Again, let’s reuse the configuration from the SSL section and now not touch the default <listen_host> setting but instead modify our admin user configuration to have the <networks><ip> setting set to 127.0.0.1.
cat << EOF > ./users.d/users.xml
<clickhouse>
<users>
<admin>
<networks>
<ip>127.0.0.1</ip>
</networks>
<ssl_certificates>
<common_name>admin</common_name>
</ssl_certificates>
</admin>
</users>
</clickhouse>
EOF
We restart the server as before without overriding the /etc/clickhouse-server/config.d folder.

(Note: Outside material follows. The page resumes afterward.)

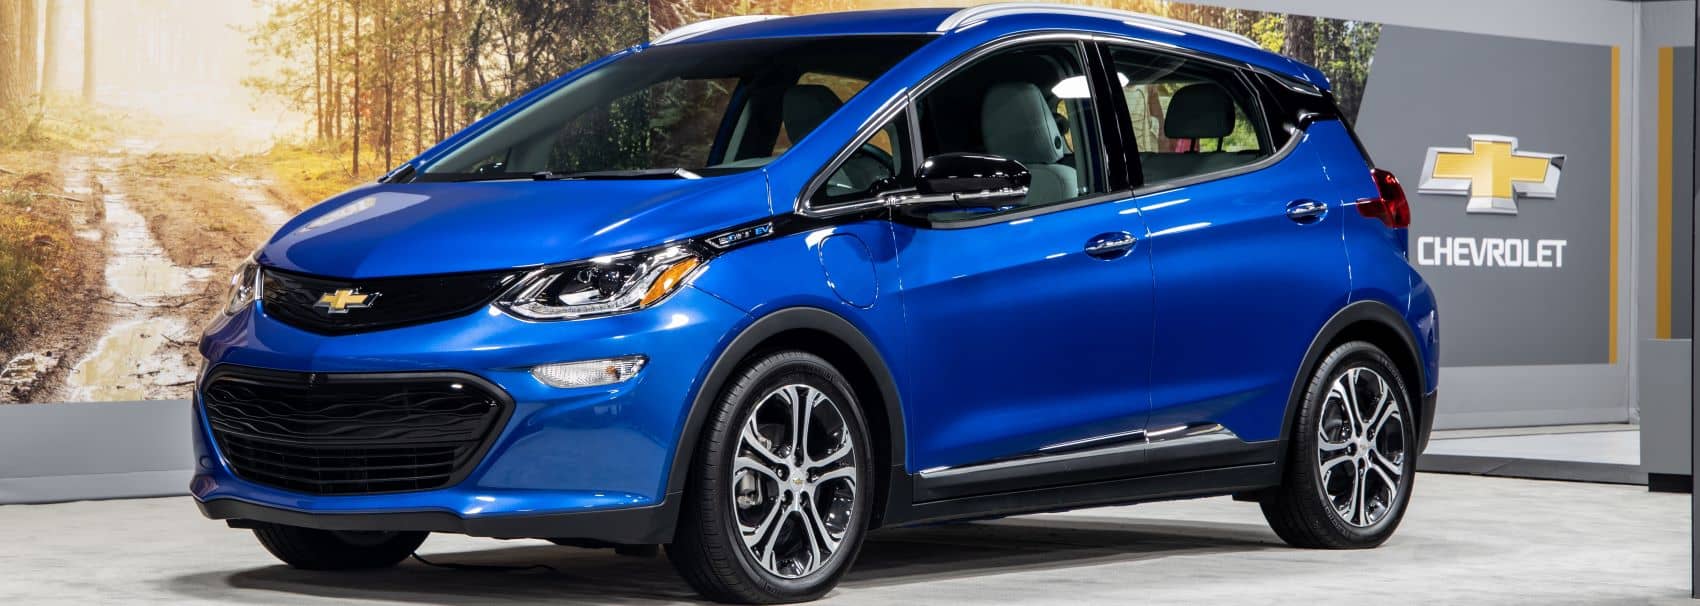 Electric Blue Chevy Bolt on Display

docker run -h clickhouse.altinity.blog -d -v$(pwd)/certs:/etc/clickhouse-server/certs -v $(pwd)/config.d:/etc/clickhouse-server/conf.d -v $(pwd)/users.d:/etc/clickhouse-server/users.d -v $(pwd)/logs:/var/log/clickhouse-server -p 9440:9440 -p 8443:8443 clickhouse/clickhouse-server:23.3.2.37-alpine
Trying to connect as the admin user, we see an error as expected, but instead of NETWORK_ERROR, as we saw when we changed the <listen_host>, we got an AUTHENTICATION_FAILED error as the connection to the server was successful but the IP restriction specified by the <networks><ip> setting forced the authentication of the admin user to fail.
$ clickhouse-client -u admin ClickHouse client version 23.5.1.2890 (official build). Connecting to localhost:9440 as user admin. Code: 516. DB::Exception: Received from localhost:9440. DB::Exception: admin: Authentication failed: password is incorrect, or there is no user with such name.. (AUTHENTICATION_FAILED)
If we instead try to login as a default user, we see that it works because the default user does not have any <networks> restrictions in our server configuration.
$ clickhouse-client -u default
ClickHouse client version 23.5.1.2890 (official build).
Connecting to localhost:9440 as user default.
Connected to ClickHouse server version 23.3.2 revision 54462.
The ClickHouse server version is older than the ClickHouse client. It may indicate that the server is out of date and can be upgraded.
clickhouse.altinity.blog :)
Conclusion
In this second and final part of the series on locking down ClickHouse networking, we went through enabling SSL encryption on each publicly facing communication port and also took advantage of private CAs as well as X.509 certificate authentication to provide secure access to the server. Also, we have looked at how the network interface to which the server binds can allow us to limit the hosts that can access the server. For the fine-grained control, we saw that we needed to set allowed network settings either inside a particular user configuration or use user profiles to share the same settings between different users. I hope you’ve enjoyed this two-part article series, and keep an eye out for our upcoming blog posts that will continue covering different topics related to ClickHouse server security.